Currency trends will have a significant influence on equity markets. Technicals suggest that the U.S. Dollar likely will remain under short term pressure early in January. That could support U.S. equity markets. However, the U.S. Dollar also has a period of seasonal strength from January to April. Weakness early in January likely will be shallow.
The four year presidential cycle suggests that U.S. equity markets likely will be flat to slightly lower in January and February followed by a significant upside move thereafter. See comments below on the outlook for 2010 for additional comment.
Money flows into equity markets are positive early in January. Year end bonuses and upwardly revised pension contributions add to equity buying.
The Bottom Line
‘Tis the season to adjust equity portfolios! Sectors reaching an end to their period of seasonal strength include gold, natural gas, agriculture, Canadian financial services and (in mid January) information technology. All have been profitable. Watch for technical signs to fine tune exit points. Other sectors are just entering their period of seasonal strength including small cap, silver, platinum and (after mid January) energy. (Ed Note: be sure to check out “An Outlook for North American Equity Markets for 2010” at the bottom of Don’s Website HERE.

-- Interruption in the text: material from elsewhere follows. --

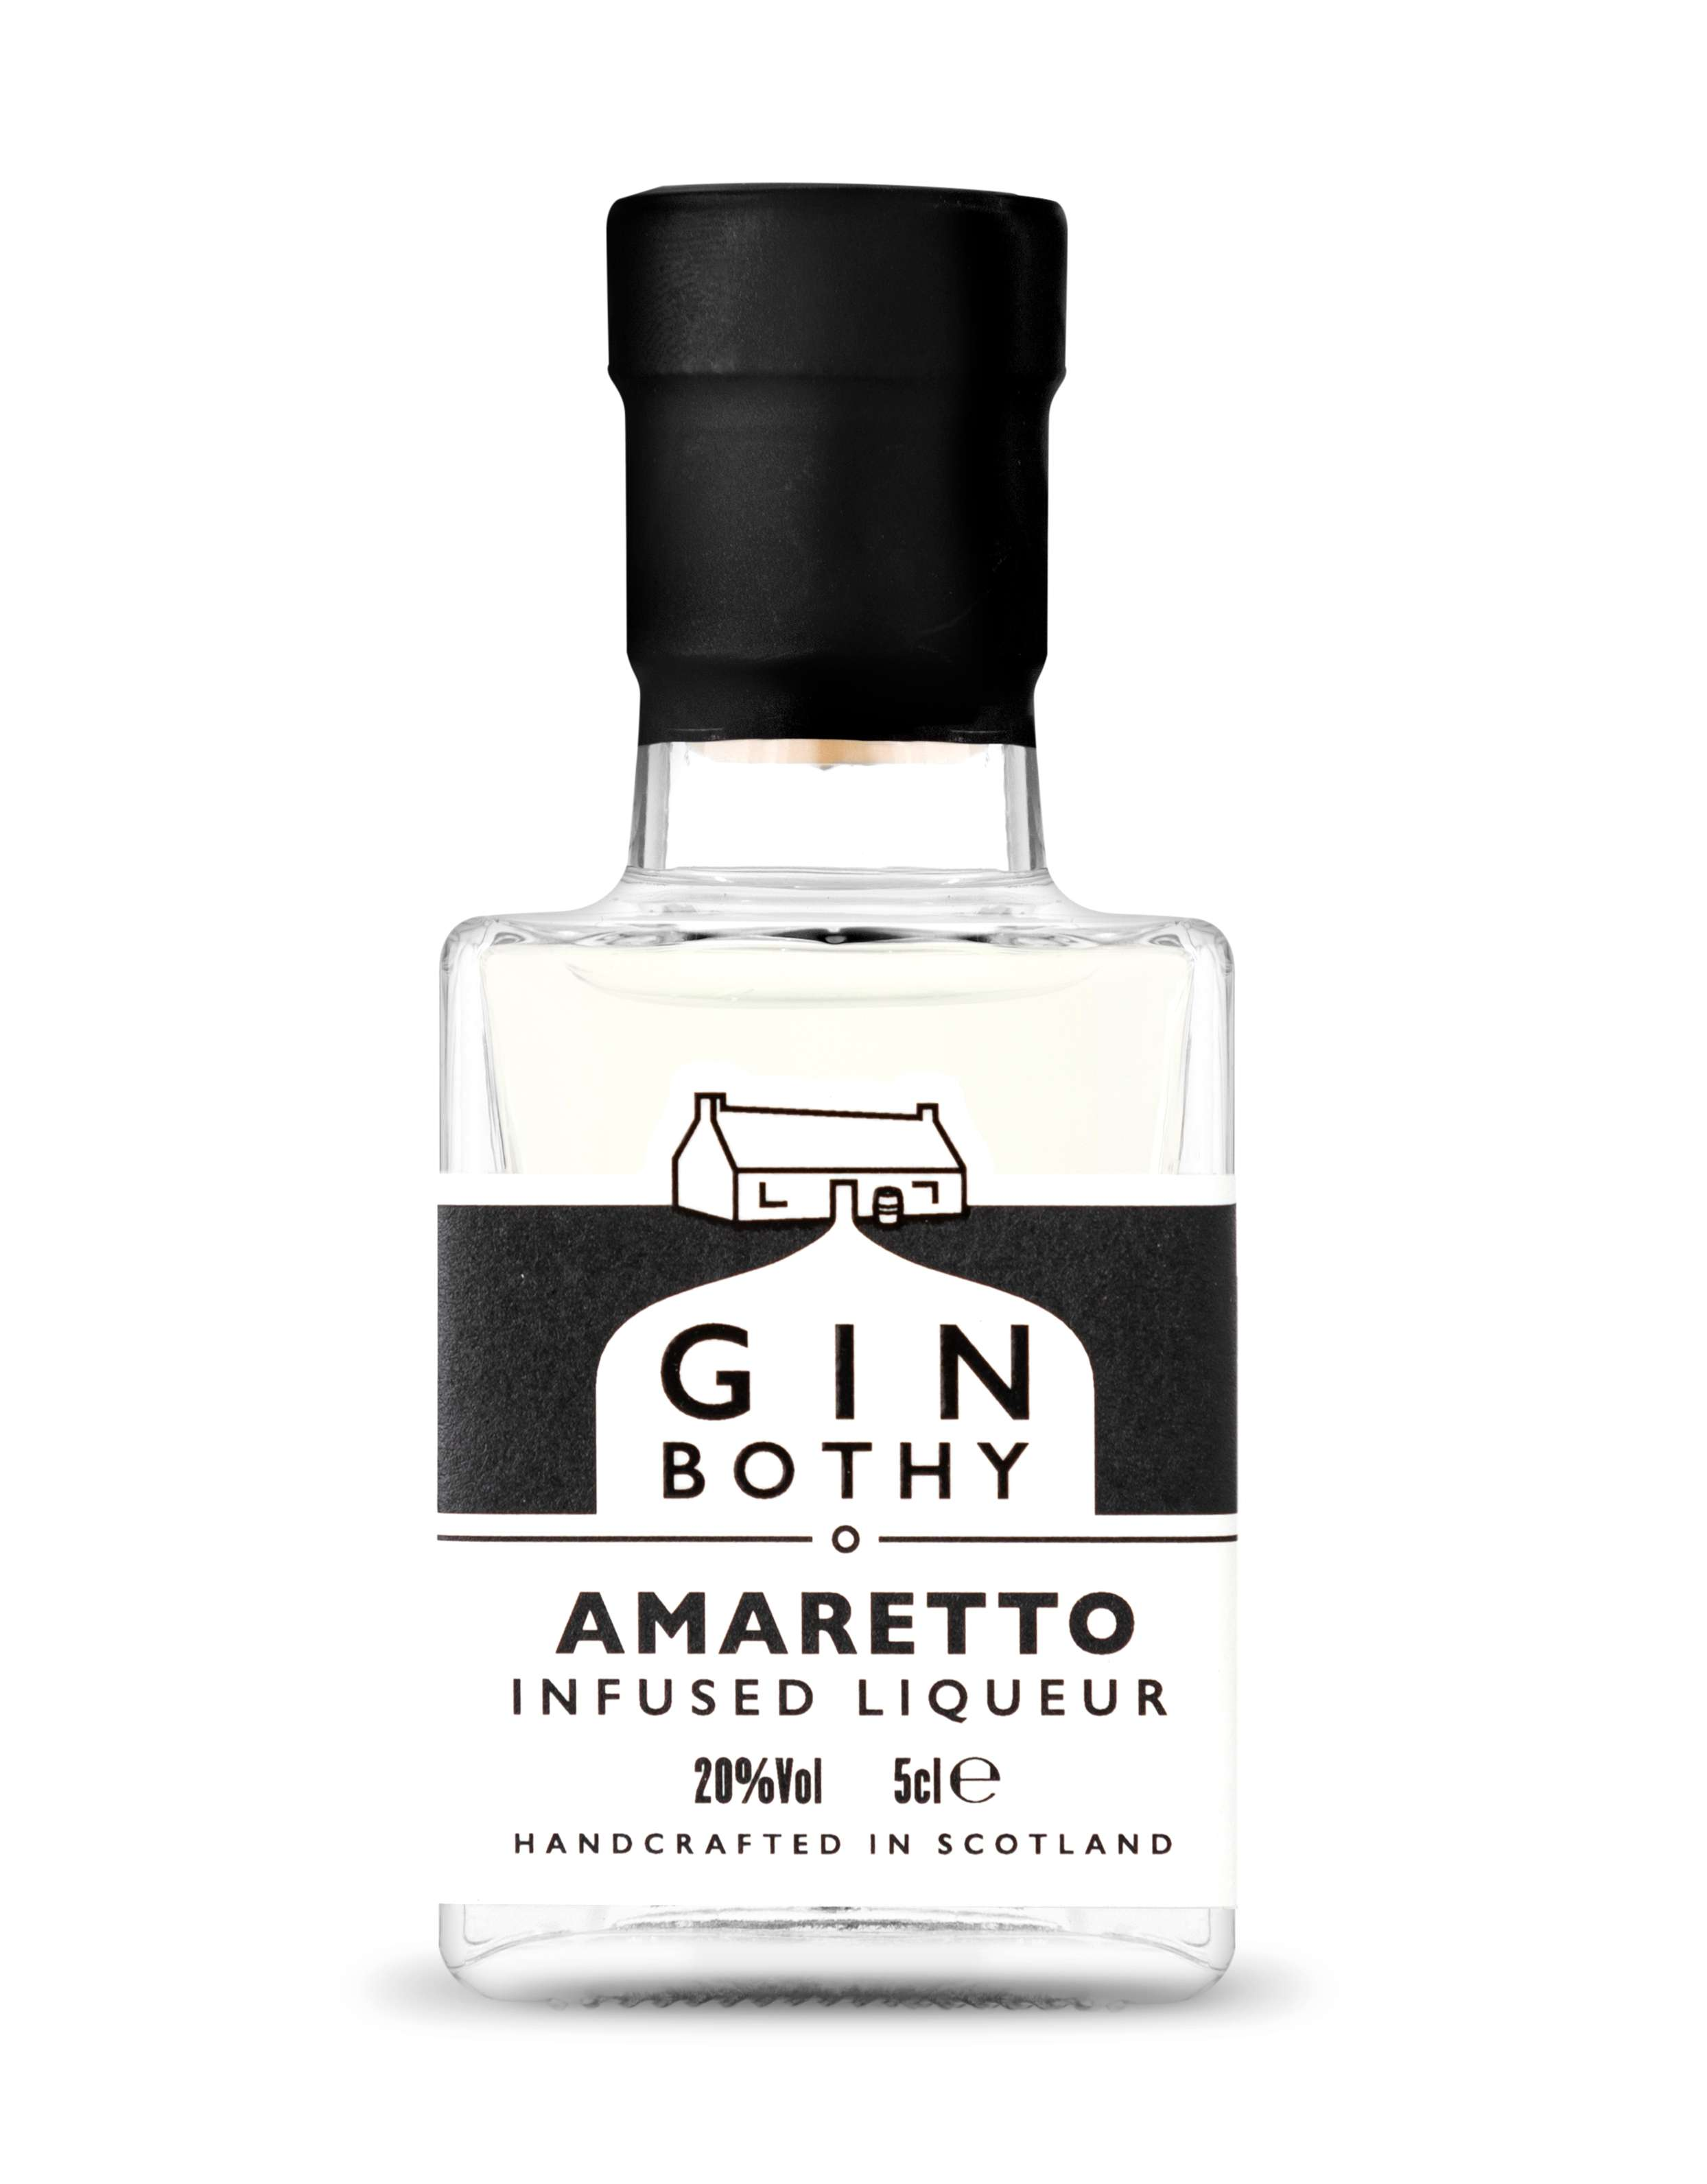 Gin Bothy Amaretto Gins & Gin Liqueurs

The Dow Jones Industrial Average lost 92.04 points (0.87%) last week. All of the loss occurred in the last 30 minutes of trading on Thursday. Intermediate trend remains up. Its 50 day moving average has proven to be a significant support level. Short term momentum indicators are overbought and have rolled over. A test of its 50 day moving average is imminent. Seasonal influences are positive. Strength relative to the S&P 500 Index is negative, typical at this time of year.
The TSX Composite Index slipped 8.50 points (0.08%) last week. Intermediate trend is up. Resistance is at 11,816.33.The Index remains above its 50 and 200 day moving averages. Short term momentum indicators are overbought, but have yet to show signs of rolling over. Strength relative to the S&P 500 Index remains negative, but is showing early signs of improvement. Seasonal influences remain positive.
The U.S. Dollar added $0.10 last week. Short term resistance could be forming at 78.45 and near its 200 day moving average at 79.17. Short term momentum indicators are overbought and showing early signs of rolling over. Year end transaction by international companies placed a short term cap on the Dollar. A short term correction to its 50 day moving average at 76.04 is possible. However, its intermediate downtrend has been broken and the next trend has yet to be determined.
The Canadian Dollar eased 0.23 last week. However, volatility was exceptionally high. Early last week, the Dollar broke above resistance at 96.08 did not hold. Its three month trading range remains between 92.16 and 97.69. Rumors of buying by the Russian and Chinese central banks continue to circulate. Short term momentum indicators are neutral.
Gold and silver continue to show short term technical signs of bottoming. Modest weakness in the U.S. Dollar contributed to the recovery. Intermediate trend remains up. Short term support is forming at $1,075. Short term momentum indicators are recovering from oversold levels. Gold is approaching the end of one of its two periods of seasonal strength. A short term recovery is an opportunity to switch gold into silver.